The United States has partially waived its sovereign immunity under the FTCA. § 1346(b). This waiver of immunity pursuant to the FTCA is limited by exceptions, including, inter alia, the intentional-tort exception, which provides that the FTCA does not apply to a claim arising out of an intentional tort listed in § 2680(h) (e.g., assault). See § 2680(h). However, a negligence claim that concerns a government employee’s commission of an intentional tort enumerated in § 2680(h) may proceed where the negligence “arises out of an independent, antecedent duty” under applicable state law and is “unrelated to the employment relationship between the tortfeasor and the United States.” Leleux v. United States, 178 F.3d 750, 757 (5th Cir.1999).

Although James argues that he alleged a premises-liability claim under Texas state law, and thus posited that the United States had an independent, antecedent duty, his claim is unavailing. The record supports that James sought to use a premises-liability claim to recharacterize an assault claim that was premised on negligent supervision. A plaintiff may not avoid the intentional-tort exception by alleging a claim in terms of negligent failure to prevent one of the torts enumerated in § 2680(h). Id. at 756-59. Because James’s claim that BOP officials negligently supervised officers’ operation of the gates is not independent of the employment relationship between the officers and *367 the United States, and otherwise arose out of one of the torts listed in § 2680(h), he has not shown that his claim is not barred by the intentional-tort exception. See id. at 756-59. He therefore has not shown that the district court erred by dismissing his FTCA claim for lack of subject matter jurisdiction.

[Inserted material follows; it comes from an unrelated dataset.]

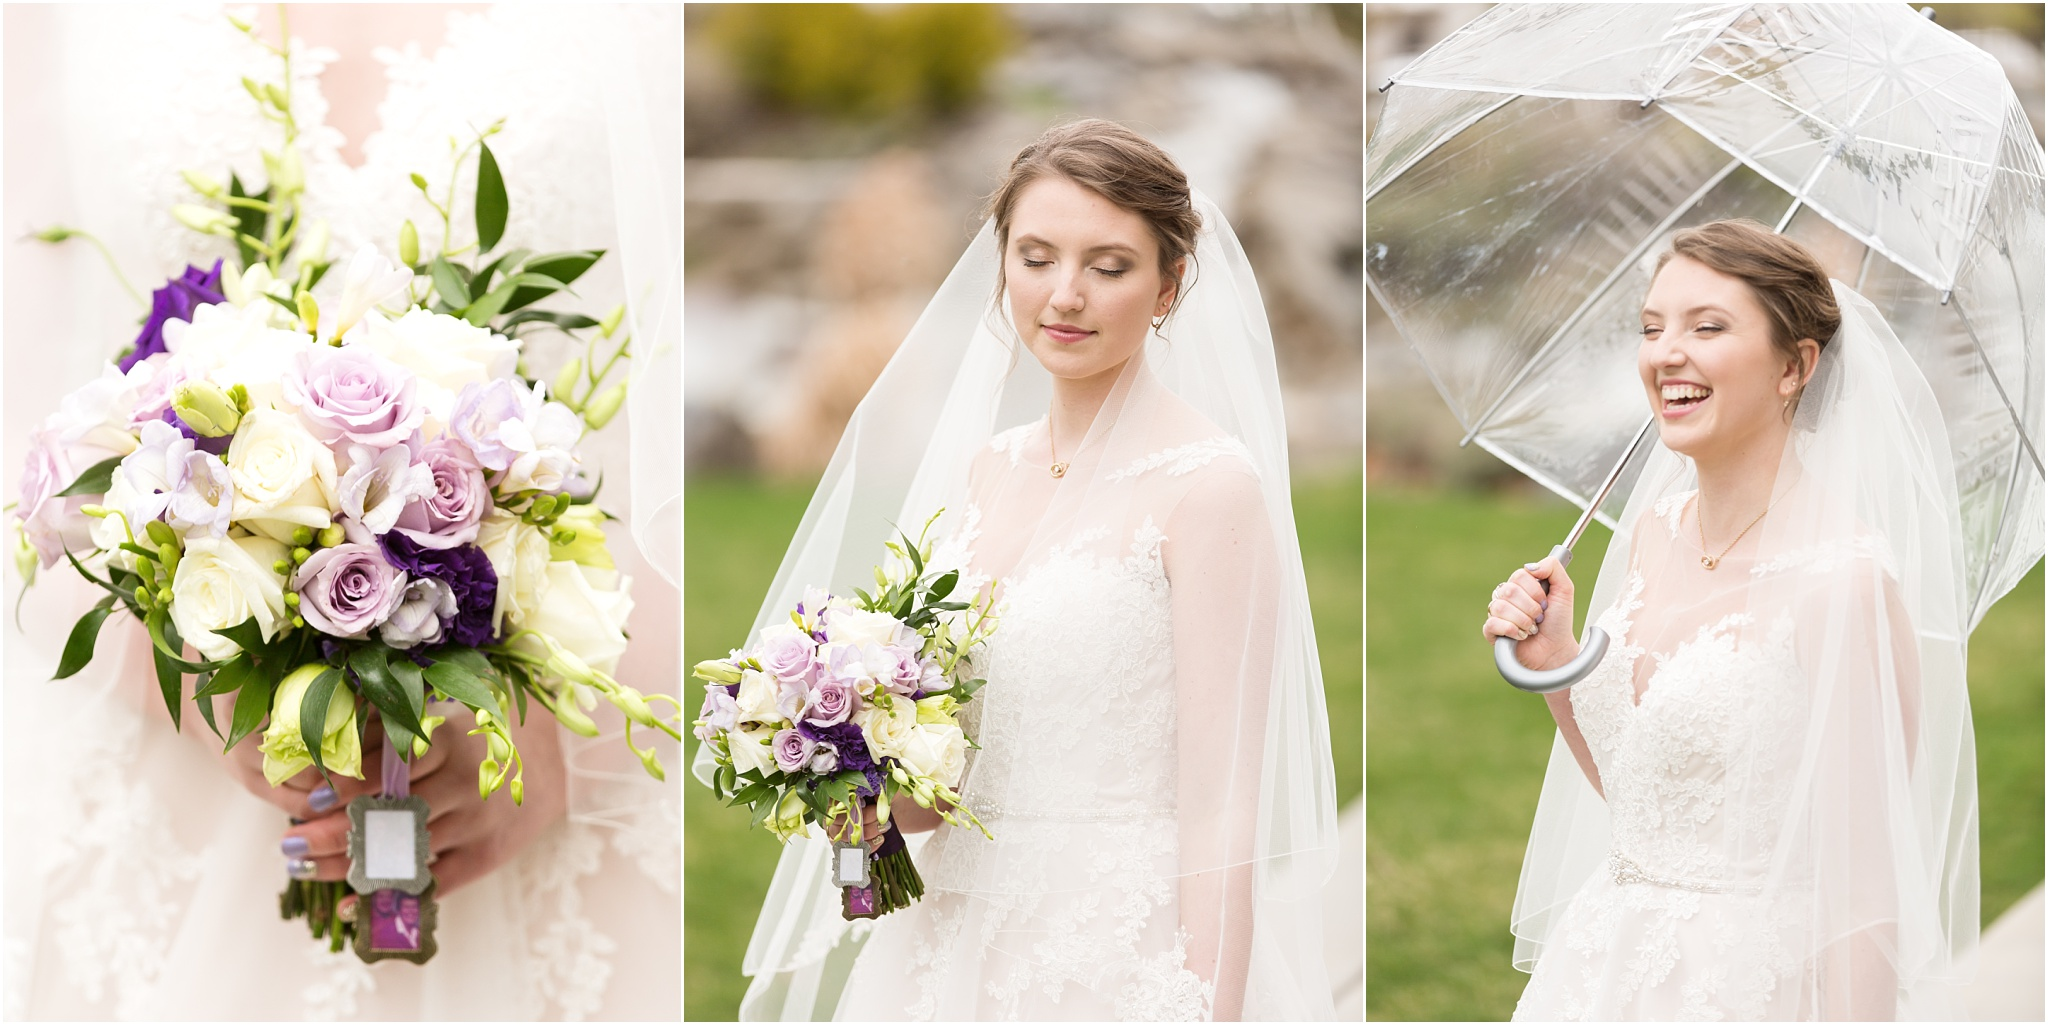 Wedding Photography_Meridian Idaho_Nampa Idaho_Leah Southwick Photography_0070.jpg

James also argues that the district court erred in granting the defendants’ motion for summary judgment because the record supports that he was injured as a result of the incident and that Mason intentionally and unnecessarily closed the gate on him. Summary judgment is proper “if the mov-ant shows that there is no genuine dispute as to any material fact and that the mov-ant is entitled to judgment as a matter of law.” Fed.R.Civ.P. 56(a). We construe “all facts and inferences in the light most favorable to the nonmoving party.” Dillon v. Rogers, 596 F.3d 260, 266 (5th Cir.2010) (internal citation and quotation marks omitted). We review a grant of summary judgment de novo. Carnaby v. City of Houston, 636 F.3d 183, 187 (5th Cir.2011).

James principally asserts that the district court improperly dismissed his excessive-force claim on the basis that he did not establish that he experienced a sufficiently serious injury. However, the record does not demonstrate that the district court viewed the severity of James’s injury to be dispositive of whether Mason used excessive force. Although the district court noted that the evidence showed that the incident was minor and, at most, caused de minimis injuries, the record does not indicate that the severity of James’s injury was the sole determinant of the district court’s decision; the district court also noted that the incident was accidental, the gate closing was proper under the circumstances, and there was no use of excessive force. Therefore, there is no evidence that the district court dismissed James’s claim solely because he did not show that he sustained a severe injury. See Wilkins v. Gaddy, 559 U.S. 34, 130 S.Ct. 1175, 1179-80, 175 L.Ed.2d 995 (2010).

He otherwise has not shown that the district court erred in finding that there was no genuine dispute as to any material fact that would preclude a summary judgment in favor of Mason. See Fed.R.Civ.P. 56(a).